Campus & Community

Regional growth patterns addressed

4 min read

“Sun, skills, and sprawl” are the three factors that largely determine regional growth patterns, Professor of Economics Edward L. Glaeser told local, state, and federal officials on April 27 at a conference organized by the Kennedy School’s Rappaport Institute for Greater Boston.

The conference, which was co-sponsored and hosted by the Federal Reserve Bank of Boston, brought a diverse array of scholars and policy-makers together to discuss the metropolitan region’s economic future.

Boston managed to maintain gradual population growth from 1980 to 2000, bucking a trend of population decline among cold-weather industrial cities, Glaeser said. In recent years, residents of congested Northeastern urban areas have fled to Sun Belt states and sprawling suburbs. Yet despite Boston’s wicked winters and traditionally treacherous traffic, “Since 1980, the city has surged,” Glaeser said.

Mayor
Menino

“The central city certainly isn’t sprawling, and it doesn’t have sun, but it does have skills,” said Glaeser, who has been the Rappaport Institute’s director since last summer. Boston ranks sixth in the nation on Glaeser’s list of “high-skilled cities,” measured by the percentage of adults who hold bachelor’s degrees.

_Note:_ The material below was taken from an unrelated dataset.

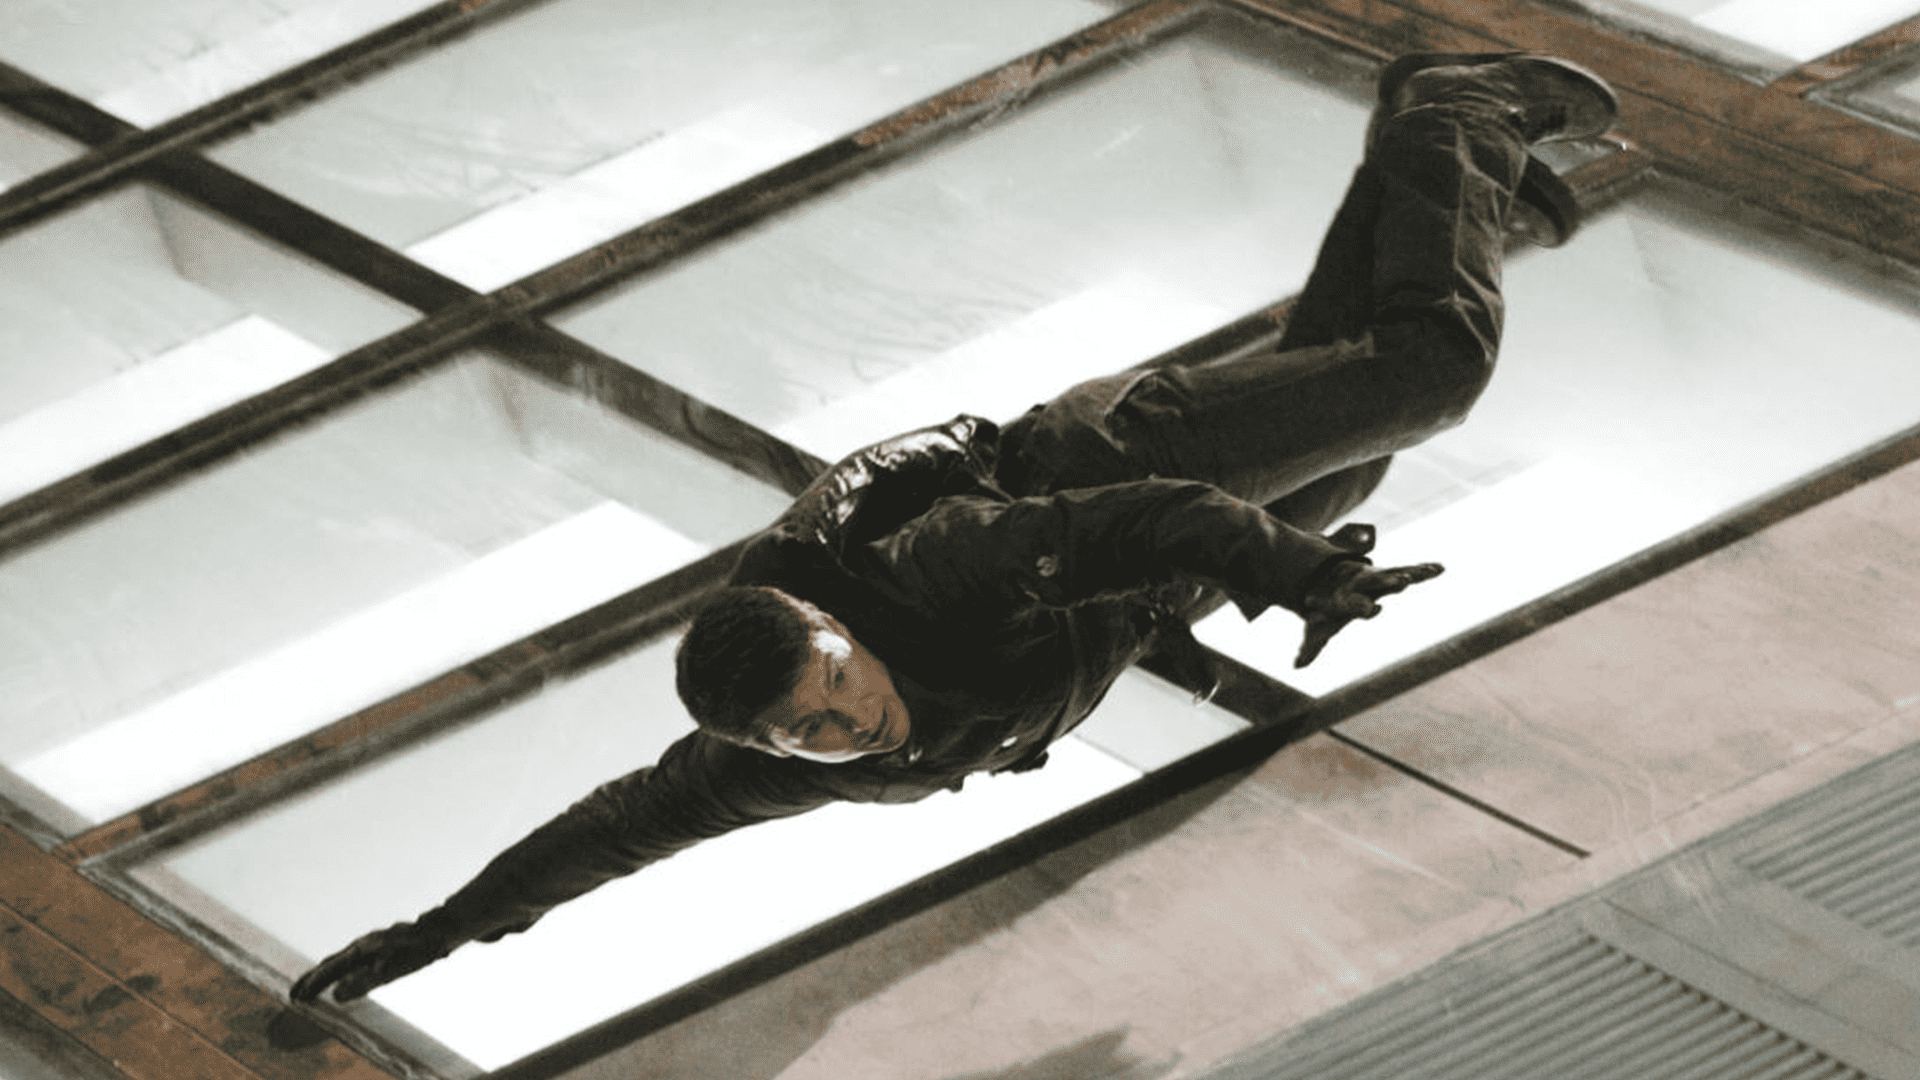 Tom Cruise slides down the slanted rooftop of a skyscraper in this image from Paramount Pictures.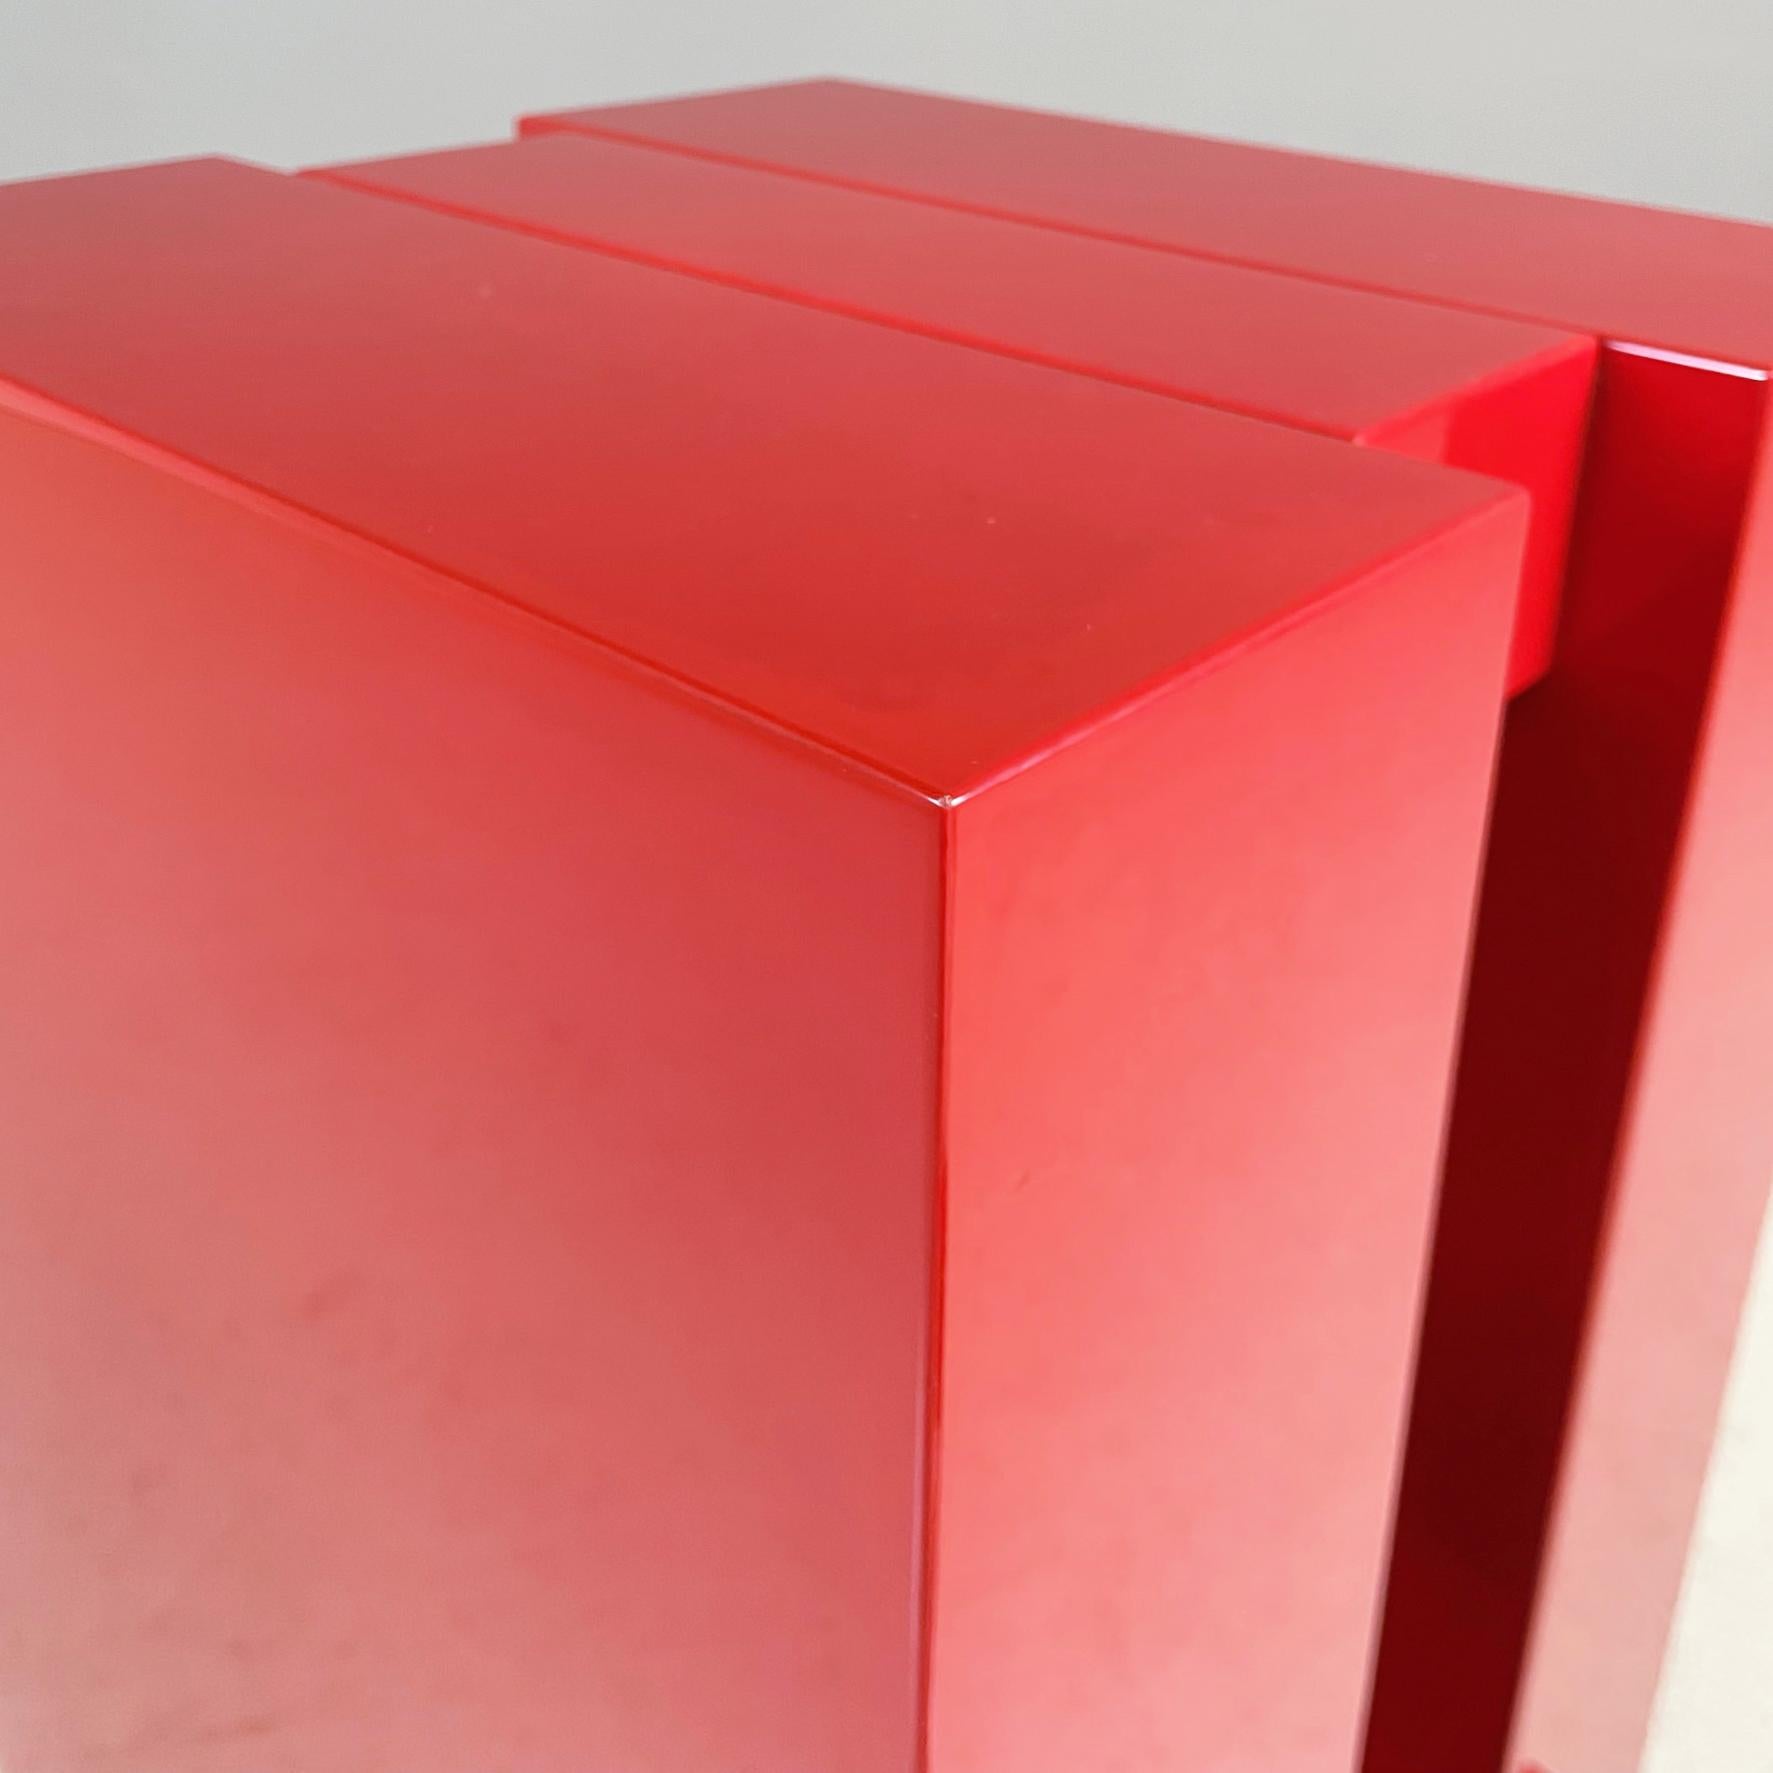 Italian Midcentury Geometric Pedestal in Red Lacquered Wood, 1980s For Sale 1

In “Smart Growth: Education, Skilled Workers, & the Future of Cold-Weather Cities,” a Rappaport Institute policy brief released at the conference, Glaeser argues that chilly metropolitan areas with high proportions of college graduates have adapted to changing economic climates by “reinventing themselves.” The Boston area’s well-educated workforce has allowed the Hub region to diversify its economy and shift toward fast-growing sectors such as life sciences and information technology.

“Skilled cities excel because they permit innovation,” Glaeser said. “Then the public policy challenge becomes producing skilled people and keeping skilled people from leaving in times of crisis.”

With that challenge in mind, Boston Mayor Thomas M. Menino, along with an expert panel moderated by Kennedy School Dean David T. Ellwood, discussed strategies to sustain the metropolitan area’s growth.

In opening remarks, Menino said that local universities would continue to propel the region’s resurgence. “I’m bullish on Boston,” he said, adding that Harvard’s expansion into the city’s Allston neighborhood would have a “positive” effect on the local economy.

Panelist Paul S. Grogan, the president of the Boston Foundation, drew chuckles from the 100-person audience when – alluding to Glaeser’s statistics on the link between growth and weather – he said: “I think we all have to hope that global warming accelerates.”

Grogan, formerly Harvard’s vice president for government, community and public affairs, said that Boston should welcome college students more avidly. “If you just read the newspapers over the past few years, you would think that students are a pestilence visited upon this community,” he said, urging the city’s residents and reporters to adopt a more accommodating approach.

State Sen. John A. Hart (D-Boston) said that pending legislation to encourage stem cell research in Massachusetts – approved overwhelmingly by the State Senate on Tuesday – could enhance the region’s image as a cutting-edge innovator. “What we did with that piece [of legislation] was send a message: We can’t let other states be more competitive than we are here,” Hart said.

Several panelists emphasized the need to encourage residential development in order to control skyrocketing housing costs. Glaeser noted that four of the five U.S. cities with the fastest housing price growth between 1980 and 2000 are located in the Hub: Cambridge, Newton, Boston, and Somerville.

Ellwood said that new immigrants would also help to rev up Boston’s economic engine. He noted that the Boston area is well positioned to benefit from an influx of foreign-born workers: “At our best, we are in fact quite culturally welcoming and tolerant.”

“Globalization helps the place with the most human capital – the finest minds,” Glaeser said. “Boston’s comparative advantage is in its people.”